As Daniel Weitzner, director of the Internet Policy Research Initiative at MIT, patiently points out, ‘if a company that does business globally is suddenly told by the Australian government that it has to weaken its security, then it may think twice about whether it’s worth being in the Australian market.’
If Australia loses Facebook, Alphabet (Google’s parent company), Apple and Amazon — the four companies that jointly spoke up against the law before it passed — the results could be devastating to the Australian economy. And they likely won’t be the only technology companies that rethink involvement in Australia.
Then, there’s the question of the economic damage caused even if businesses were to comply.

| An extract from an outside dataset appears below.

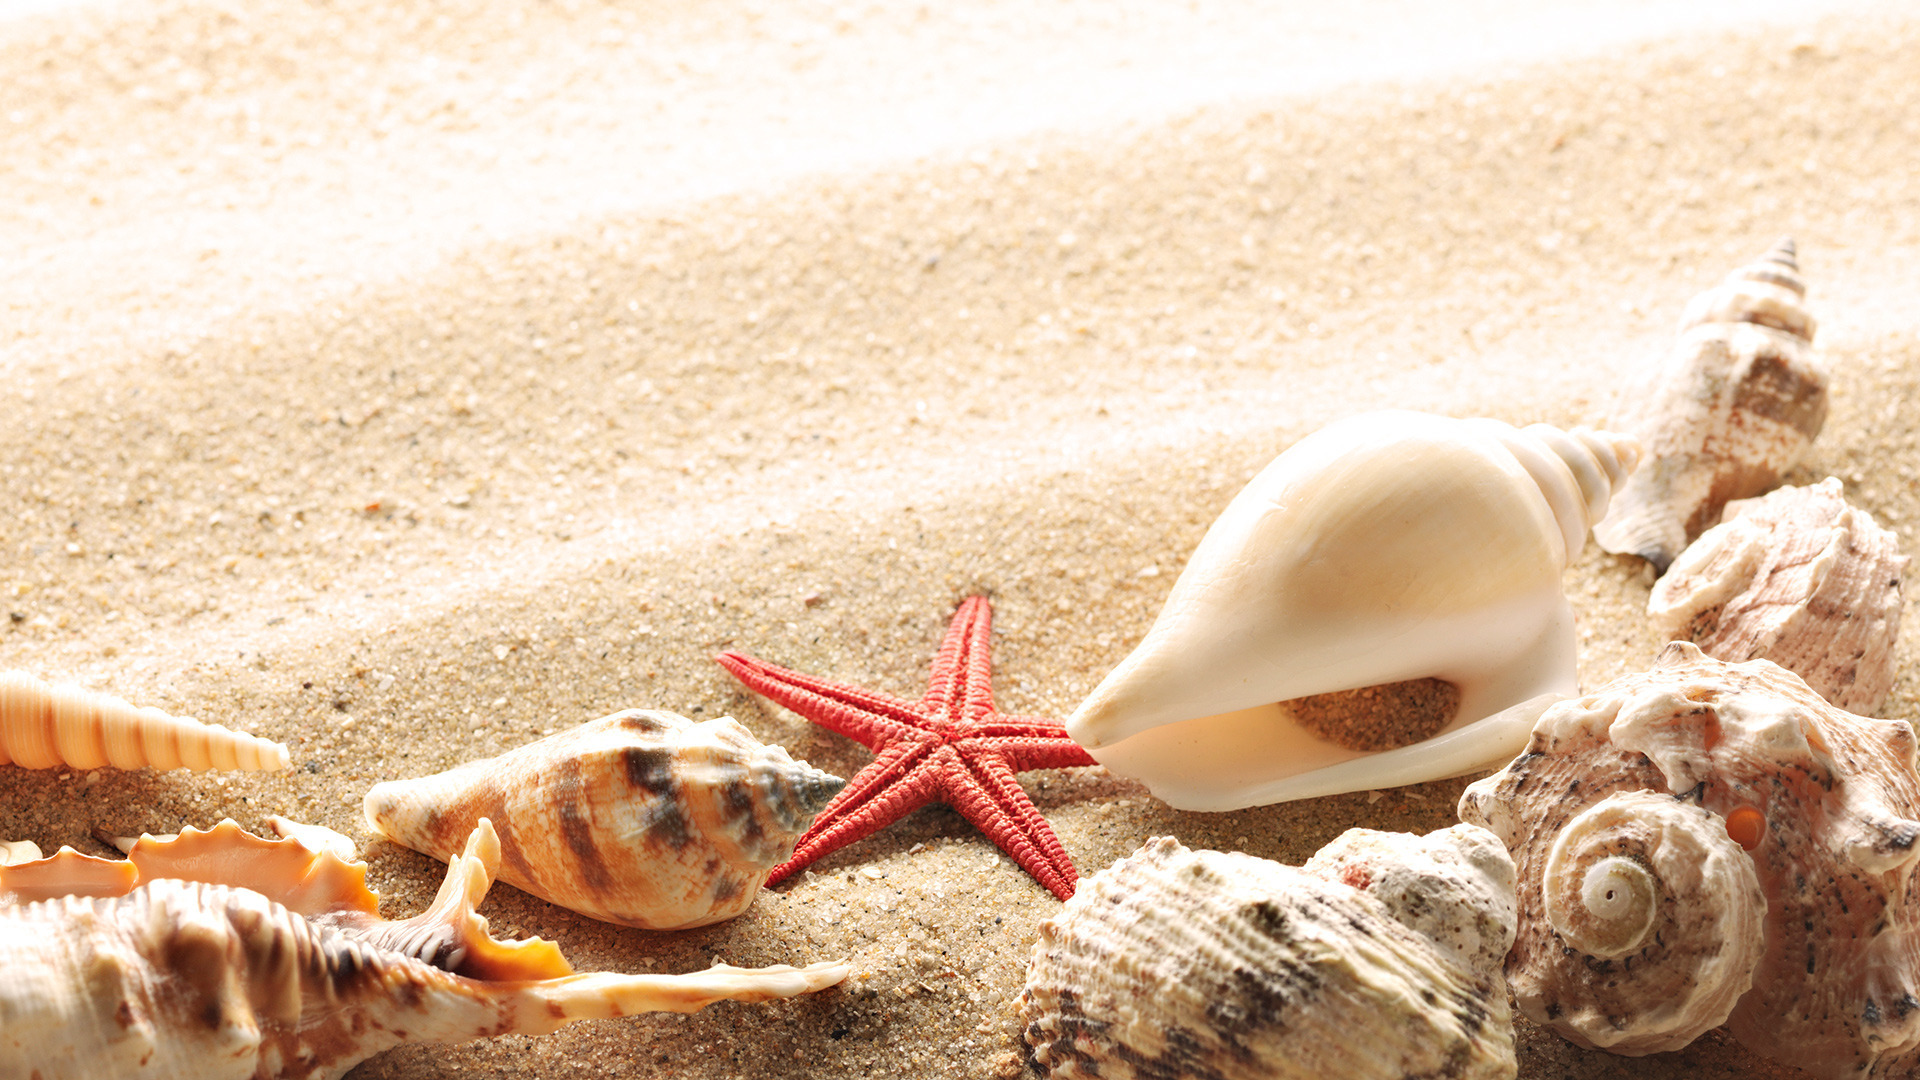 Wallpaper Seashells Summer Beach Sand Sun Theme Macro Download 132777 1920x1080

Dr Daniel Potts, founder and CEO of connected-device security firm Cog Systems, is an expert in the field of distributed mobile device and IoT security and has a defence security background. His warning is a little more nuanced than ‘bad men are using it,’ but Australian lawmakers might want to read the Cliff’s notes anyway.
‘The longer you’re in [the connected-device industry], the more you’re amazed by how complex it is,’ Dr Potts told Financial Review.
‘It’s an ecosystem with a lot of global supply chains, so it isn’t as easy as just going to one provider and saying, “Hey, I need this new feature.” It might involve 50 companies, trying to do something at the device level.’
‘Even on a single device, it’s an ecosystem,’ Dr Potts goes on. ‘You’re dealing with lot of different little things and they’re not necessarily all [accessible] even to the device maker. Which is great from a security viewpoint, but it might mean that [a law enforcement agency] would need to approach 50 companies to get what they need.’
In other words, the company that has to act to break encryption might not be the company that makes the device or the software. The knock-on effects of spying and breaking demands down these international supply chains could be gigantic, causing economic havoc outside Australia as well as decimating the company’s own tech sector.
It’s worth considering, too, what this means for the emerging crypto and blockchain spaces.
In Asia, blockchain jobs are booming even as cryptocurrency prices stagger, and worldwide the blockchain sector — distinct from cryptocurrency — is forecast to grow at a 51% compound annual growth rate from 2016 until 2020 and to cross $2 billion in revenue by 2022. But that’s far from the whole story.
Companies that are investing in and directly using blockchain technology in their worldwide supply, management and production networks include shipping giant Maersk, whose TradeLens logistics blockchain has also attracted truckers DAMCO and PLH. Diamond producer De Beers has created a provenance platform for diamonds, Tracr; Singapore airlines has launched a blockchain-based loyalty wallet; Singapore’s PSA port authority is considering switching to the technology; so is the Swedish Land Registry.
Aside from cutting Australians off from duty free and the opportunity to purchase pristine Nordic forest, barring blockchain-enabled providers from the country could create a ‘digital border’ which heavy blockchain users wouldn’t want to cross; since the global supply chain runs both ways, we’re not just talking about putting a needless stumbling block in the way of, in Maersk’s case, a US$30m-revenue business.
We’re talking, too, about making it harder and more expensive for Australia’s farmers to sell their produce, as well as for Australians to work with or for these companies.
Companies like Maersk, hit with a cyberattack it blames for a 2017 revenue hole, aren’t likely to be persuaded of the merits of weaker encryption.
Conclusion
On the surface, this law is simply madness. But look a little bit deeper and you can see that even though it’s hamfisted, it’s also a testbed for a wider, international attempt to censor and monitor us all. The fact that it’s not compatible with technological advances, privacy rights, the constitutions of some of the affected countries, or even basic economic self-interest, might not be enough to stop it. Opposition from the EU and UN will help. And there’s a good chance that the laws as written are unenforceable. They’re definitely a scary sign of things to come.